Mój Bazyl też pojawił się u mnie w trudnym dla mnie momemncie życia i bardzo mi pomógł, dlatego wiem, że królikoterapia działa
![usmiech2 :)](http://forum.kroliki.net/Smileys/default/usmiech2.gif)
Ja ze swoimi też gadam
![smiley_crazy :crazy:](http://forum.kroliki.net/Smileys/default/smiley_crazy.gif)

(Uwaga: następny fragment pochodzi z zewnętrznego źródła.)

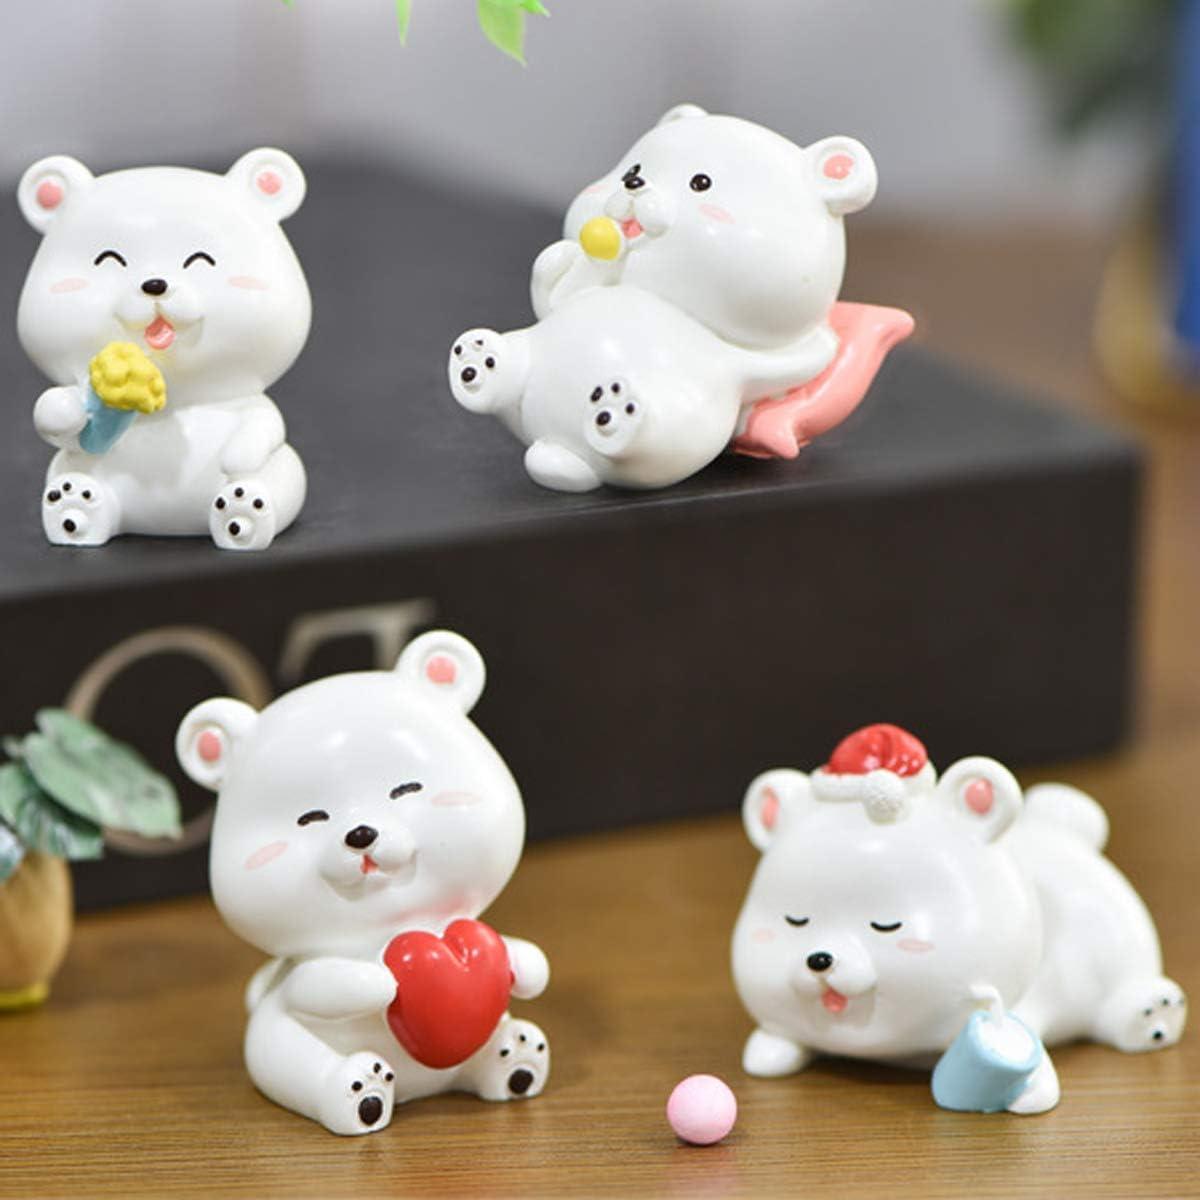 Ruzucoda Miniature Teddy Bear Figurines Animal Toys Figures Fairy Garden Cake Toppers Party Decorations Ornaments White 4 PCS

To co mnie urzeka w ziwerzakach to ufność i wierność, tak jak napisałaś Hariell - zwierzaki były, ludzie nie... Dlatego tak mnie boli, jak ludzie źle traktują zwierzęta. Jak sobie pomyślę, że moją kochaną radosną Klemi ktoś kiedyś po prostu wyrzucił z domu jak niepotrzebną rzecz.... nie rozumiem tego. Kocham zwierzęta, chcę im pomagać i cieszę się, że na tym forum spotkałam ludzi, którzy mnie rozumieją
![usmiech2 :)](http://forum.kroliki.net/Smileys/default/usmiech2.gif)
Hariell, ja też bez zwierzaków nie wyobrażam sobie życia
![heart :heart](http://forum.kroliki.net/Smileys/default/heart.gif)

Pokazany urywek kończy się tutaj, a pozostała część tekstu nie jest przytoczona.